Thousands of these plants used to make their home within dry sclerophyll woodlands, which are dominated by eucalypts and/or trees with small leathery leaves, but the species has gradually died off over the past two decades due to land clearing and other factors.
The small numbers of surviving plants paint a grim picture - it is estimated most current plant populations in Sydney consist of less than 10 individual specimens, which are scattered in groups across the metropolitan.
Saving this humble Australian plant from extinction has been a passion for Dr Nathan Emery, a Restoration Biology Officer from the Australian Institute of Botanical Science, who is based at the Australian Botanic Garden Mount Annan.
And the research efforts of Dr Emery and the team of horticulturalists at the Institute have been rewarded. The team used important information from restoration trials in 2014 at NSW mining sites to recently translocate the plant to wider parts of Sydney.

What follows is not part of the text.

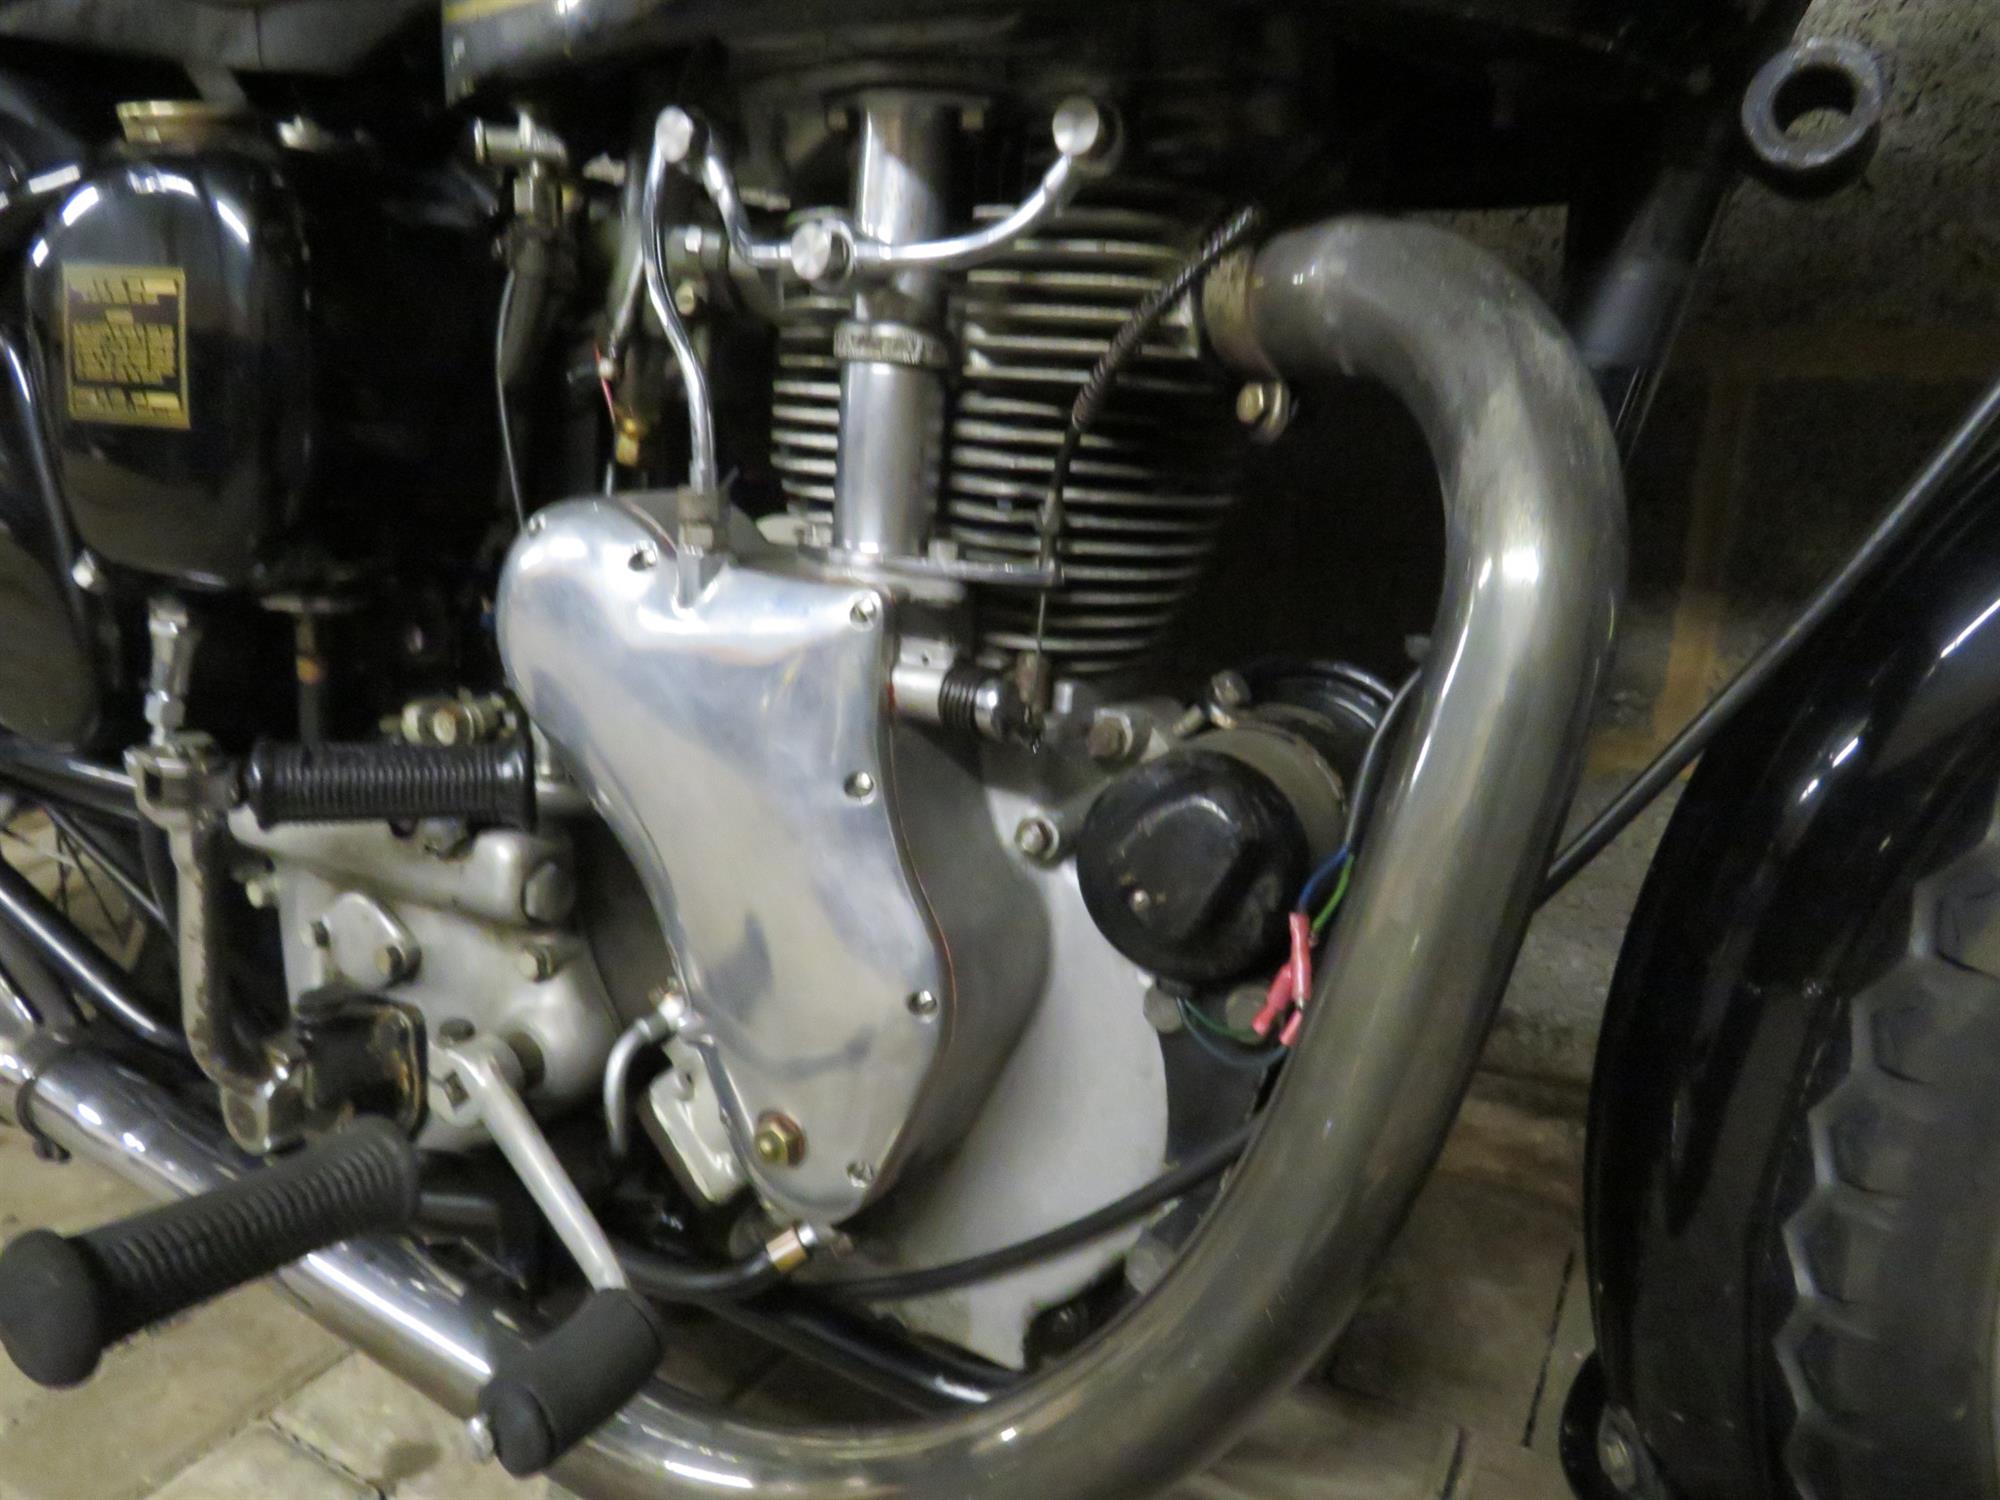 1959 Velocette MSS 500cc - Image 5 of 10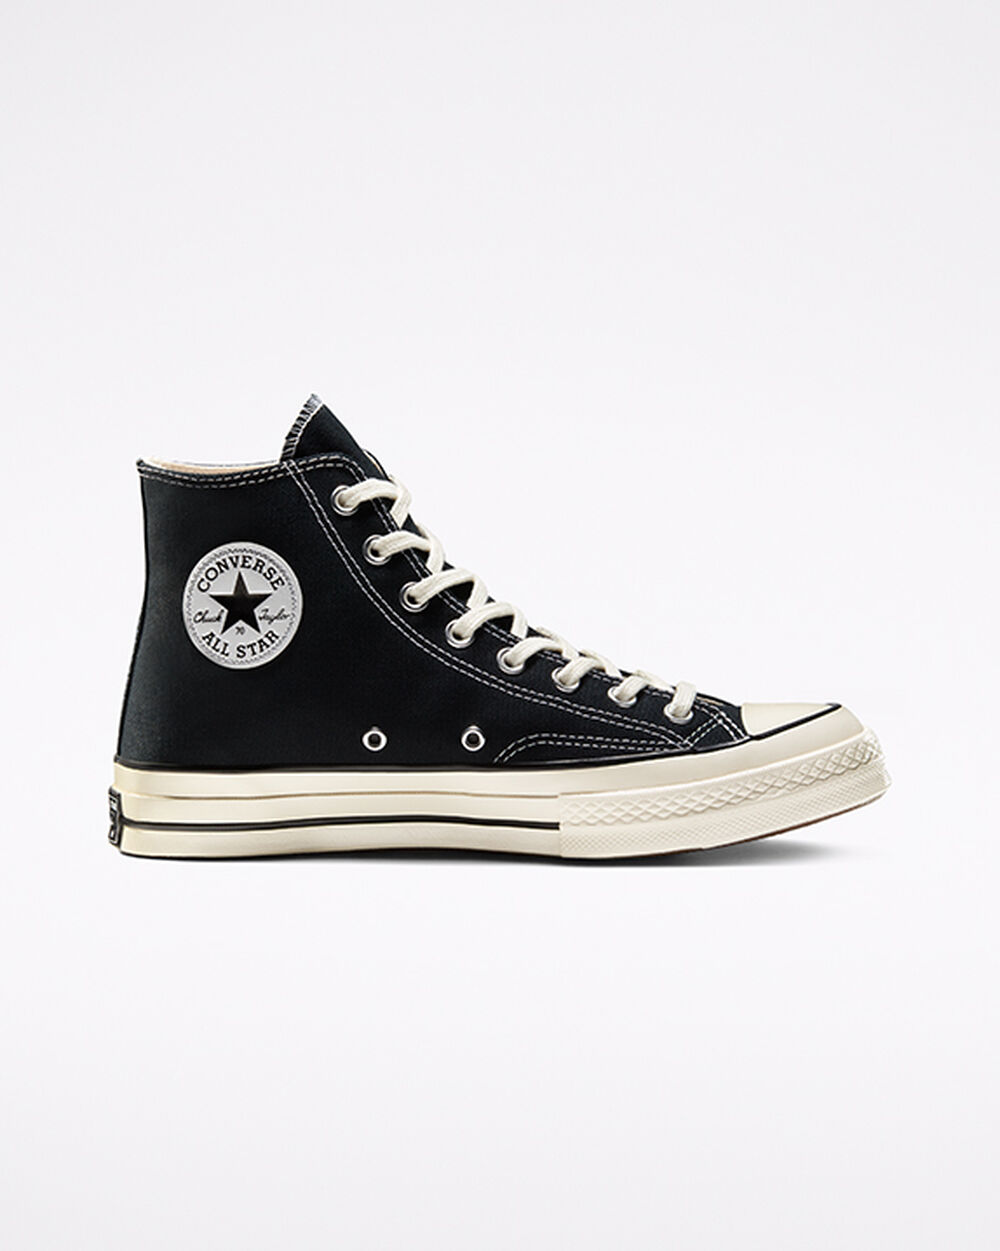 Converse Shoes UAE - Buy Cheap Converse Sneakers Online

Passing on research success to wider Sydney
In November this year, the team provided 100 plants to Campbelltown City Council and worked with the Kentlyn Bushcare group, in south-west Sydney, providing conservation, propagation and translocation advice for the Persoonia species in local bushland.
The plants will also provide a key food resource for local wildlife, such as birds, kangaroos and wallabies, across different local ecosystems.
Dr Emery said data collected from the program will be used to help with the management and propagation of other small or declining populations of Hairy geebung across Sydney.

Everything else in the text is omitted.